Saved data entries:

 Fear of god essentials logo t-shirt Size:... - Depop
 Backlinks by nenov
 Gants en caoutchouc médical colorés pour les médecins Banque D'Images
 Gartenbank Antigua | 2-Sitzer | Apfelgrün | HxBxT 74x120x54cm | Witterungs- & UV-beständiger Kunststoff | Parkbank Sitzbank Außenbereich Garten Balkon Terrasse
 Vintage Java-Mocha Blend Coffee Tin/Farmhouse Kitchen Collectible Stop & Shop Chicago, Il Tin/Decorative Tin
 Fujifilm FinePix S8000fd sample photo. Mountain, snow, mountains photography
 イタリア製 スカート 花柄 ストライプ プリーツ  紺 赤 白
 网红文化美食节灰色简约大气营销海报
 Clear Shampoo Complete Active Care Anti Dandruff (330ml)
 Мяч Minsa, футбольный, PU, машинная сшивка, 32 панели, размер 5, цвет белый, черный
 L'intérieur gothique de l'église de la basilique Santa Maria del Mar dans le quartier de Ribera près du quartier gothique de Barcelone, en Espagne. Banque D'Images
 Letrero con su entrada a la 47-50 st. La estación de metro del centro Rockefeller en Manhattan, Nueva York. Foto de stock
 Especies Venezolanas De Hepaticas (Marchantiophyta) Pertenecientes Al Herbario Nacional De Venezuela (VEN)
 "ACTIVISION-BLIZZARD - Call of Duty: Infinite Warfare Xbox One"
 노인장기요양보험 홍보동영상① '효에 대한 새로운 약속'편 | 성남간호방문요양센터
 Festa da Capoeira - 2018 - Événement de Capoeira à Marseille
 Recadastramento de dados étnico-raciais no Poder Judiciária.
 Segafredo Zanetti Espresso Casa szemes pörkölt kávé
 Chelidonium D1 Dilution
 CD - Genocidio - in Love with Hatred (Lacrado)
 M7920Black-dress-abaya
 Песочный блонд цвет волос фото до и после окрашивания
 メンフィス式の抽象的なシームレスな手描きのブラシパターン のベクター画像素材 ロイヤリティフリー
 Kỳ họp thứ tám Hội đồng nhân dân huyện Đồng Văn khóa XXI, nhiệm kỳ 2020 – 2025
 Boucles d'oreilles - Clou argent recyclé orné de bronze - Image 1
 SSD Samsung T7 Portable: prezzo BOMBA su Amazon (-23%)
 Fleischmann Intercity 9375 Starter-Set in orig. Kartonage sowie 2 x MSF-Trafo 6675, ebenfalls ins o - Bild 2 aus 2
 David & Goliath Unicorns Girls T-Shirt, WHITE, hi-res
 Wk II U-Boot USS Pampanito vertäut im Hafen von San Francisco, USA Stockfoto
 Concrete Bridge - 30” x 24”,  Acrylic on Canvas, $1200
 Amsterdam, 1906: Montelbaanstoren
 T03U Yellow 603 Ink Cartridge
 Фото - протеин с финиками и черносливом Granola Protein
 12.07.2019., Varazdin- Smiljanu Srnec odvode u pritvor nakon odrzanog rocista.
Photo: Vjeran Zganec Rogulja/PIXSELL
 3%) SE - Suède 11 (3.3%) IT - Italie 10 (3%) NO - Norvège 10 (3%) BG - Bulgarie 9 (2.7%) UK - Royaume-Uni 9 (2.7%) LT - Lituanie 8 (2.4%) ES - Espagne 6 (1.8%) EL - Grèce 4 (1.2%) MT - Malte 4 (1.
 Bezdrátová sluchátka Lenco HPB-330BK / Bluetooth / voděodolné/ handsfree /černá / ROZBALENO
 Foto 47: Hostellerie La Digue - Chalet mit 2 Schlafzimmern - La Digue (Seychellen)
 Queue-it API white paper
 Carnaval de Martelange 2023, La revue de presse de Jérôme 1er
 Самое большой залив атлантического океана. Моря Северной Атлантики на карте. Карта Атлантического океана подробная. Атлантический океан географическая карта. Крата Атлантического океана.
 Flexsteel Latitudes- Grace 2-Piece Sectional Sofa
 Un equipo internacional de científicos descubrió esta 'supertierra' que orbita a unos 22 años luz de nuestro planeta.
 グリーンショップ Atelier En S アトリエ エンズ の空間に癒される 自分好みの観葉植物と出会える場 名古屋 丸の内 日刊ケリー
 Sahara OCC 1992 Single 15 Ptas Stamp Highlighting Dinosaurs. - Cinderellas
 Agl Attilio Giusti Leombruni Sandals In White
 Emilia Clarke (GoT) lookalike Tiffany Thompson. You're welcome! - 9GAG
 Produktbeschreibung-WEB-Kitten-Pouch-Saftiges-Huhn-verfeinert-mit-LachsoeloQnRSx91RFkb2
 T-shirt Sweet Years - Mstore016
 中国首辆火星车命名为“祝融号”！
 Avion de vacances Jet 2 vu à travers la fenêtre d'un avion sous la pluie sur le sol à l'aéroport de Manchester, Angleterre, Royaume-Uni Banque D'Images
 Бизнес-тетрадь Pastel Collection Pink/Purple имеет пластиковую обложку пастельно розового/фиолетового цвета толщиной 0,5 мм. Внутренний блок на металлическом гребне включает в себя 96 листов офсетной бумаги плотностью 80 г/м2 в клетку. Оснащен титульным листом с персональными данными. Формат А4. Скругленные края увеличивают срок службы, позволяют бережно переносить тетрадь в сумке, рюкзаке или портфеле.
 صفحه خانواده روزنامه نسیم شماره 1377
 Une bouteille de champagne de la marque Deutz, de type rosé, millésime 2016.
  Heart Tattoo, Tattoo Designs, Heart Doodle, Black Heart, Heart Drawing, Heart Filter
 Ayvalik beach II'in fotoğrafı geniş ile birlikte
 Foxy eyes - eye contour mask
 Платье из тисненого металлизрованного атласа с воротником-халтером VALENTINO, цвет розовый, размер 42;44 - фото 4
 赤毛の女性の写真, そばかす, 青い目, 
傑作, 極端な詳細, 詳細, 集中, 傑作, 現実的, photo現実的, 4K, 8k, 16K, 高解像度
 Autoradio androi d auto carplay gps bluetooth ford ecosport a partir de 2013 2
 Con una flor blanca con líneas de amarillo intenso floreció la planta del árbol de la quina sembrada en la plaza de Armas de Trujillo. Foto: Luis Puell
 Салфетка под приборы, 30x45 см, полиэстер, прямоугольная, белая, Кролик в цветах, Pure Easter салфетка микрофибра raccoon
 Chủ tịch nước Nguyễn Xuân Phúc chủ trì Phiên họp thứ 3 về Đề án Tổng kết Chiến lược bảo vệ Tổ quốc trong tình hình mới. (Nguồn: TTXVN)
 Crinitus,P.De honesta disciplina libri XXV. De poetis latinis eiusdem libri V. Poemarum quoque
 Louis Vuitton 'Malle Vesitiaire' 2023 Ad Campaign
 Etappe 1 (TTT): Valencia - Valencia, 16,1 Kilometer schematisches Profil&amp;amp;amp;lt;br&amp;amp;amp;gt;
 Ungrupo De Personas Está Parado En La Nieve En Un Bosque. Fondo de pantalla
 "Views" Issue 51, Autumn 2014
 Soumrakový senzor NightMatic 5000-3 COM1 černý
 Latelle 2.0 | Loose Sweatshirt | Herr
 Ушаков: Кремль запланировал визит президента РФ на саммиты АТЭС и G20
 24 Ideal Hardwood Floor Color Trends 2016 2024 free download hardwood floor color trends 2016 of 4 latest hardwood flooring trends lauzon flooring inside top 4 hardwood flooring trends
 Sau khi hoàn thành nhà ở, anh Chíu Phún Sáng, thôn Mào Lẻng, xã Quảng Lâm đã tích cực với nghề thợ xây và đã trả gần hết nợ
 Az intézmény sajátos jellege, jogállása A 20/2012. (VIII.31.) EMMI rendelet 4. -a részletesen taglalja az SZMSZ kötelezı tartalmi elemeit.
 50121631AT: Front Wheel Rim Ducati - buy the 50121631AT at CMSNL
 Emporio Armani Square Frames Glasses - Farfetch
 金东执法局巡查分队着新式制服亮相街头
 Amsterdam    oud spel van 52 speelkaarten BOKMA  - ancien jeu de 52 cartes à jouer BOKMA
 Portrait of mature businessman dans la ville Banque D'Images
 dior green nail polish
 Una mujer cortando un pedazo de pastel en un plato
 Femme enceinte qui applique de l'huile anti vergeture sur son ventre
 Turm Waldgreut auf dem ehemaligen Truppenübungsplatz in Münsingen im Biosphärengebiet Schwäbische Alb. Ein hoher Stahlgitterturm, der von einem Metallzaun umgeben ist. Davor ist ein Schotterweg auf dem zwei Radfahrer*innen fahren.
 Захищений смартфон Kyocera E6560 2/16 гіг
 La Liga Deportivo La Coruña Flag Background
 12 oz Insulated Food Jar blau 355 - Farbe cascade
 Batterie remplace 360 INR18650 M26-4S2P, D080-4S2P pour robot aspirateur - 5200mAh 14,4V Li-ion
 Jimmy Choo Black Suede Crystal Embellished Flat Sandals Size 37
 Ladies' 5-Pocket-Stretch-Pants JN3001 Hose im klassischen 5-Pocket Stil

_Task requirements_
For this exercise, find all lines in the records containing the word "Size" and copy them.

_Result of this task_
 Fear of god essentials logo t-shirt Size:... - Depop
 Jimmy Choo Black Suede Crystal Embellished Flat Sandals Size 37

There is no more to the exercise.